Computer Station Nation is reader-supported.
When you buy through links on our site, we may earn an affiliate commission. Learn more.
Minimalist setups look effortless in photos. Getting there takes some actual planning. Here’s how to build a desk setup that’s genuinely minimal — not just staged that way for a photo.
Start with less, not with “right things”
The minimalist mistake is buying specific minimalist-aesthetic items instead of removing things. Start by taking everything off the desk and only putting back what you used in the last week. Most people are surprised how little that is. Everything else is clutter wearing the costume of productivity.
Choose the right desk shape
Minimalist setups work best with clean geometry. A simple rectangular surface — not L-shaped, not curved — reads as more minimal. The width should be just enough for your setup: if a 47-inch desk fits your monitor and keyboard with a bit of extra space, that’s better than a 60-inch desk with empty expanses at the edges.
Floating/wall-mounted desks are the extreme version — no legs visible, the surface appears to float off the wall. They look great in small spaces and eliminate the visual weight of a traditional desk frame.

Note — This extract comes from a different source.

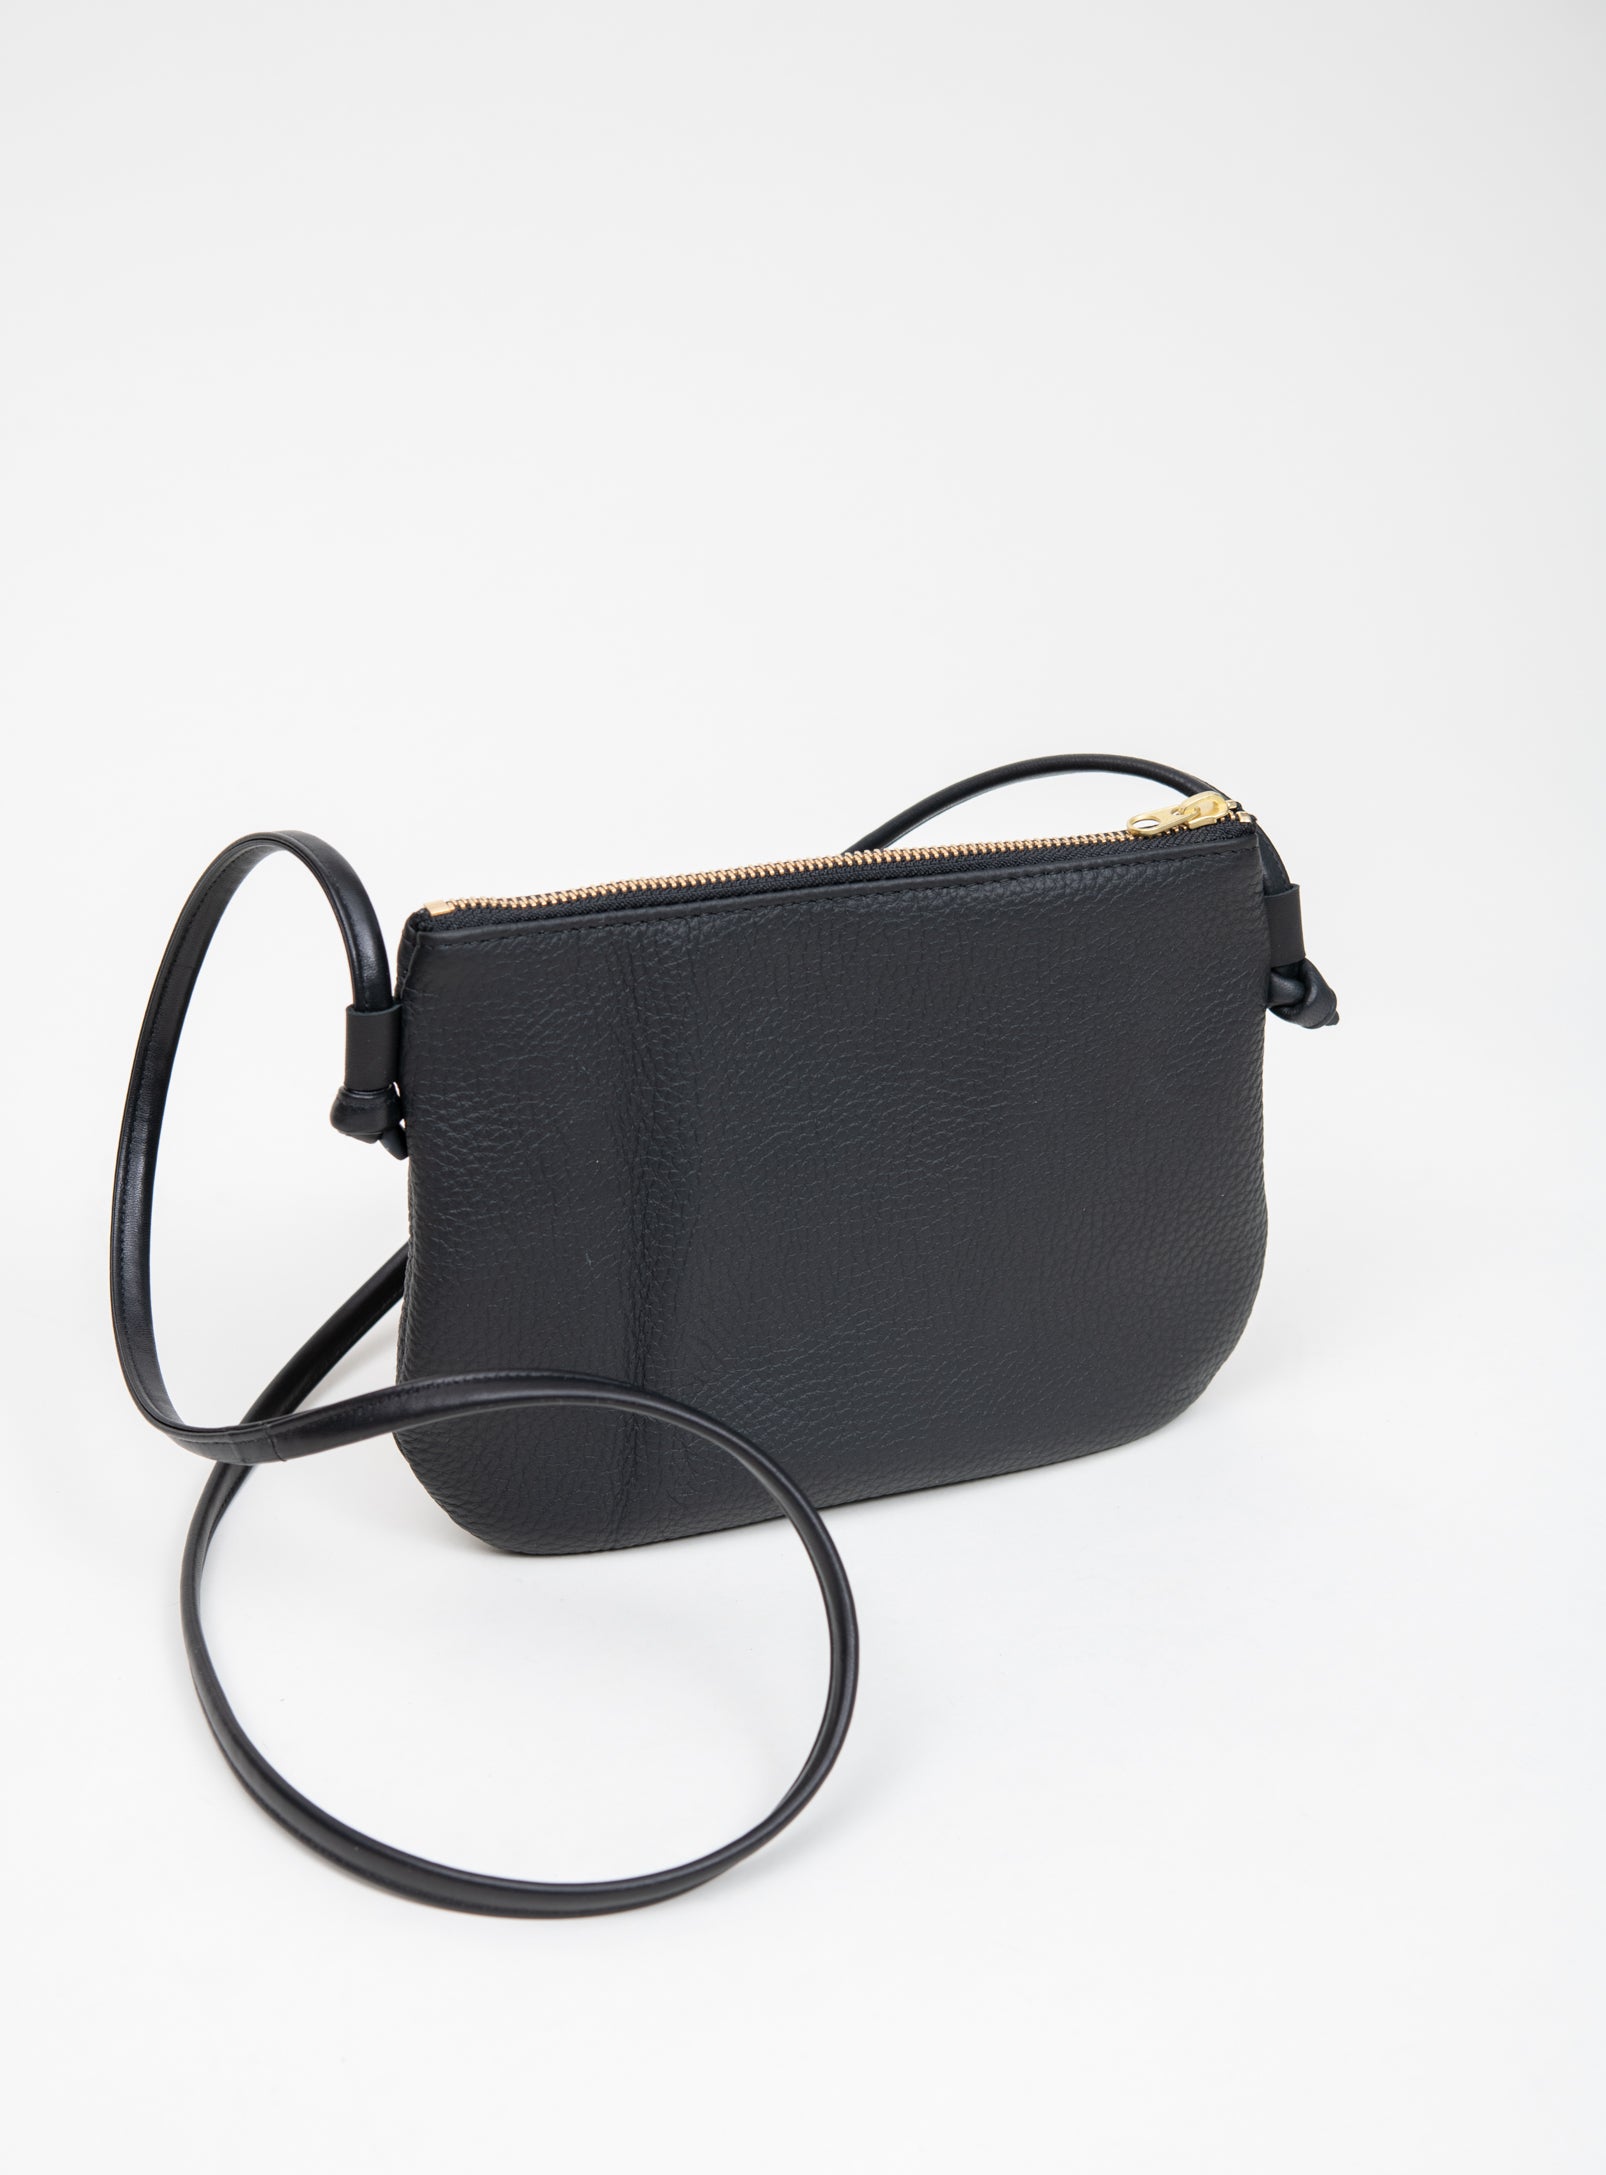 OFFER Leather BAG Crossbody Bag Shoulder Bag Convertible Bag Leather Purse  Adjustable Strap Zipper Closure LUCI Model in Black Leather - Etsy Canada |  Leather, Bags, Black leather bags

Cable management is non-negotiable
Visible cables are the single biggest enemy of a clean minimal setup. Every cable on the desktop surface breaks the aesthetic. Route all cables through grommets, run them in under-desk trays, and use velcro ties to bundle runs together. A power strip mounted under the desk surface removes the last visible cable source.
Wireless peripherals help significantly — a wireless keyboard and mouse eliminate the two most common desktop cables. Bluetooth headphones remove one more. Each wireless component is one fewer cable to manage.
The monitor arm is the most impactful single upgrade
A monitor arm lifts the display off the desk surface entirely, removes the monitor stand footprint, and allows you to push the monitor back or angle it precisely. The visible result — a screen floating above a clear desk surface — defines the minimalist setup aesthetic more than almost anything else. If you do one thing for a minimal setup, it’s this.
Choose a neutral finish
White, light wood (maple, birch), or matte black desks read as minimal. Dark wood, chrome accents, and RGB-anything pull in visual complexity. The Bestier L-shaped white and walnut is a good example of a desk that’s functional and neutral. For a pure minimalist look, a white or light maple surface with black metal legs is the classic combination.
Limit what sits on the surface permanently
A minimal desk has: monitor (on an arm, not a stand), keyboard, mouse on a desk pad, and nothing else permanent. A desk lamp if needed. Everything else — speakers, headset, controller — goes on a stand, hook, or shelf, not the surface. When your desk is empty except for input devices, it looks intentional. Every additional object adds visual noise.
FAQ
How do you keep a minimalist desk tidy day to day?
Have a place for everything that isn’t the desk surface. If your headset doesn’t have a hook, it will end up on the desk. If your controller doesn’t have a dock, it will end up on the desk. Solve the storage problem for every item that tends to migrate to your surface, and the desk stays clear with much less effort.
What desk color is most minimalist?
White and light wood tones are the most classic minimalist choices. Matte black works for a darker aesthetic. Avoid high-gloss finishes — they pick up fingerprints and scratches visually and require more maintenance to look clean.